José Elo

Personal information
- Full name: José Elo Ayeto
- Date of birth: 21 October 2000 (age 25)
- Place of birth: Alcorcón, Spain
- Height: 1.90 m (6 ft 3 in)
- Position: Centre-back

Team information
- Current team: Olimpia Satu Mare

Youth career
- 0000–2017: Rayo Majadahonda
- 2017–2018: Las Rozas
- 2018–2019: Aravaca

Senior career*
- Years: Team / Apps / (Gls)
- 2019–2020: Atlético Villalba / 23 / (1)
- 2020–2021: Villanueva / 12 / (1)
- 2021–2022: Fuenlabrada Promesas / 33 / (2)
- 2022–2023: Navalcarnero / 26 / (0)
- 2023–2024: Mérida / 11 / (2)
- 2024: AC Oulu / 17 / (0)
- 2025: Banga / 10 / (0)
- 2025–2026: Politehnica Iași / 20 / (0)
- 2026–: Olimpia Satu Mare / 0 / (0)

International career^{‡}
- 2022–: Equatorial Guinea / 5 / (1)

= José Elo =

Equatoguinean footballer (born 2000)

José Elo Ayeto (born 21 October 2000) is a professional footballer who plays as a centre-back for Liga III club Olimpia Satu Mare. Born in Spain, he plays for the Equatorial Guinea national team.

==Club career==
Elo played in the youth sectors of Rayo Majadahonda, Las Rozas and Aravaca until 2019.

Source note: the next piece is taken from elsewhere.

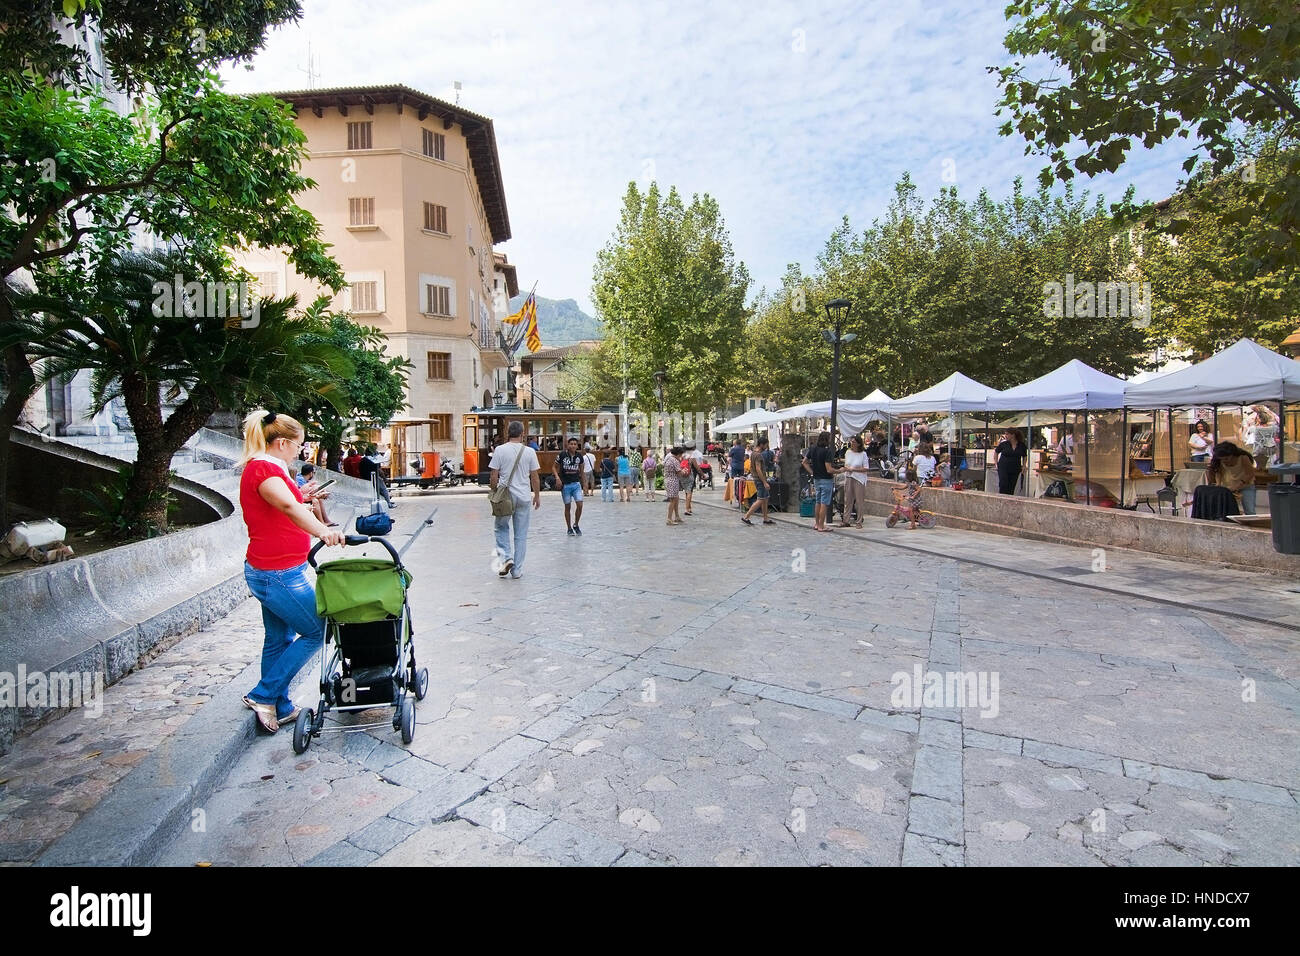 SOLLER, MALLORCA, SPAIN - OCTOBER 2, 2016: Church square with market, tourists and tram on a sunny day on October 2, 2016 in Soller, Mallorca, Baleari Stock Photo

After playing in the lower divisions in Spain since 2019 for Atlético Villalba, Villanueva CF, Fuenlabrada Promesas, Navalcarnero and Mérida, Elo moved to Finland in February 2024 and signed with Veikkausliiga club AC Oulu. On 17 February 2024, Elo debuted with his new club, in a Finnish League Cup match against Vaasan Palloseura (VPS). He debuted in Veikkausliiga on 6 April 2024, in a 2024 season opening match against SJK Seinäjoki.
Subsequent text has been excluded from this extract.